It sounds like pathetically obvious advice but it is nevertheless true. Keep your job. Be proactive, and ask your boss or do your own research. If you know what the challenges are, you won’t be seen to be heading off in the wrong direction if the company decides it needs to change. Now is also the time to be positive and enthusiastic.

Unless you are close to retirement, there is no need to worry about investments, advisers say. Over the long term, the stock market will rise again by enough to cover this week’s losses. However anyone hoping to cash in their shares soon may be better off taking their money out now and switching to safer cash or fixed interest assets in case things get worse.

Anyone struggling with their monthly mortgage bills should consider switching from capital repayments to repaying just the interest on the loan. A lender will charge £50 for the switch, but it could shave hundreds off monthly outgoings. But this should be a short-term measure as failing to resume repaying the capital means your risk not being able to pay off the full loan at the end of term.

Unfortunately, those about to draw their pension will be the hardest hit by this downturn. Most pension funds invest in the stock market, which leaves them especially vulnerable. The insurance analyst Aon Consulting said that the pension funds deficit rose by £15 billion on Monday. Anyone in, or approaching, retirement is advised delay drawing on their pension fund if they can

The good old solution to higher bills is simple budgeting.
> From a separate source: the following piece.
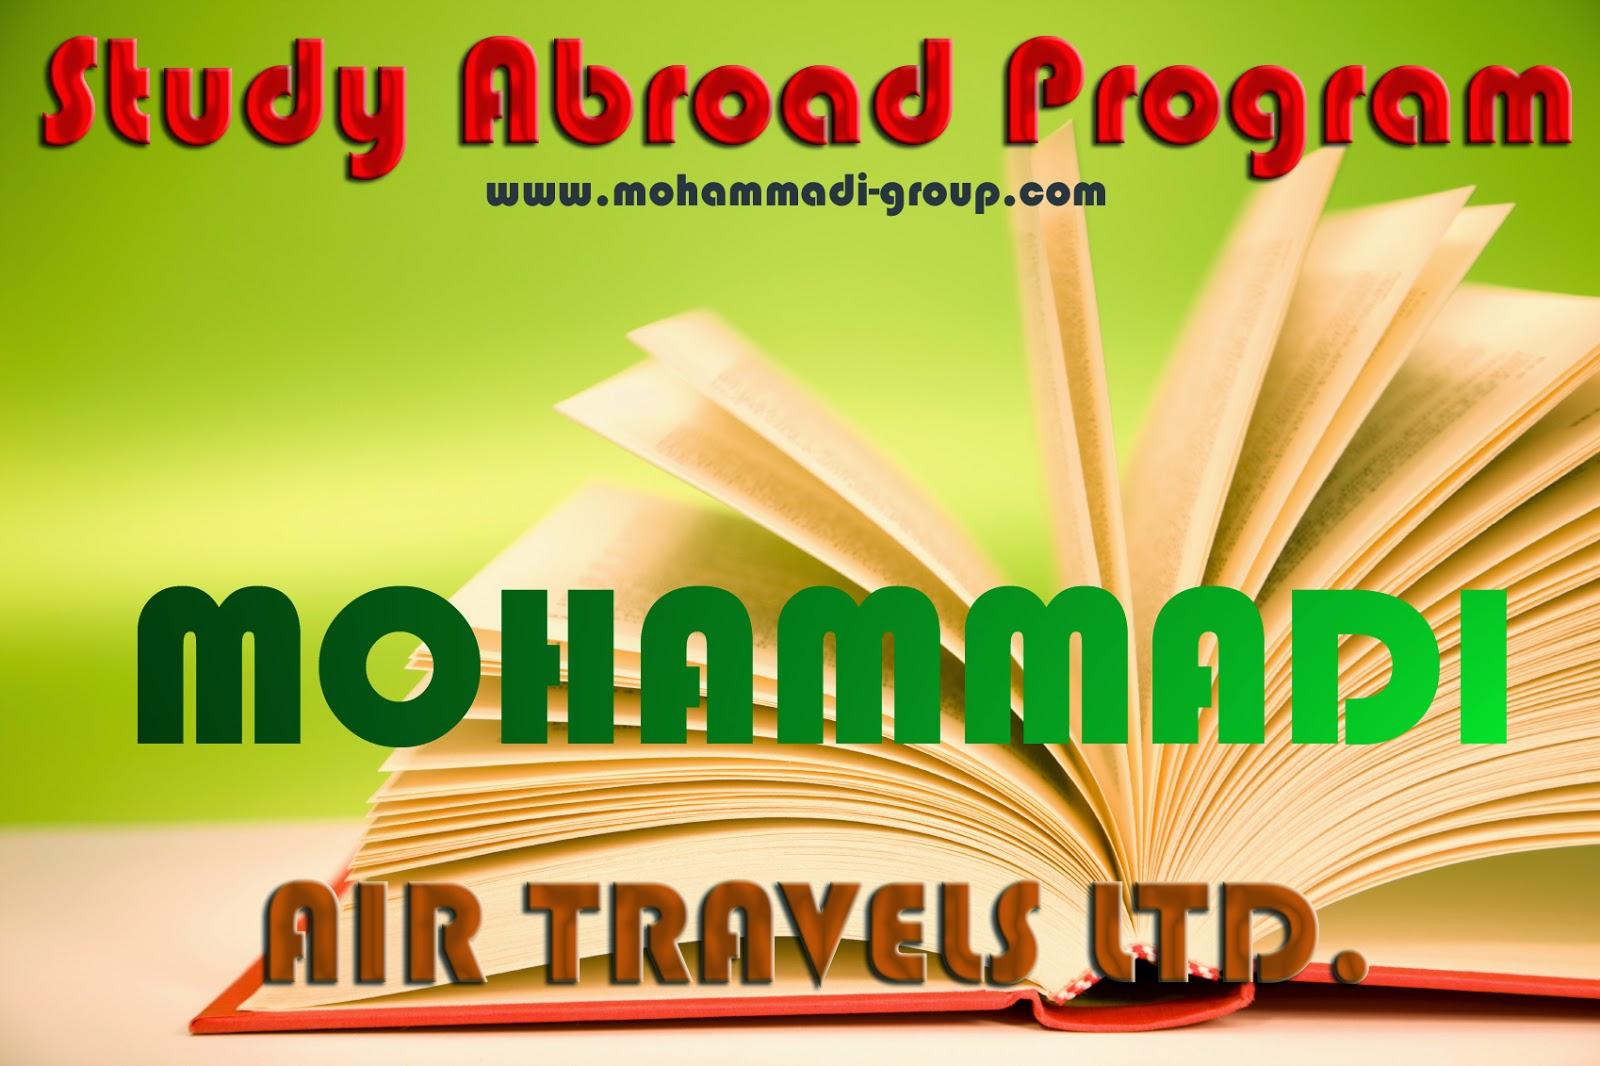 Nazreen oroni - Consultant - MIM Study Abroad | LinkedIn

The debt charity Credit Action suggests drawing up a list of everything you spend to see if money is going on anything unnecessary. Say goodbye to takeaway coffees, and make your lunch at home instead of buying it at work. Be stricter with yourself and check your direct debits in case you are paying for anything you have forgotten about, such as magazine subscriptions or regular charity donations. If you have debt on credit cards or personal loans, switch to deals with the cheapest interest rates

Property prices are already wobbling, with the least pessimistic commentators predicting stagnant prices for the rest of 2008 and even into 2009. The worst fate, as nervous buyers steer clear in such a downturn, is to become a forced seller. To ward off a forced sale, all homeowners should, take care with debt. First-time buyers, on the other hand, may now be in their best position for years.

It may be stating the obvious, it may be preaching to the converted, but these tips could prove vital to staying afloat in the troubling times ahead so ignore them at your peril.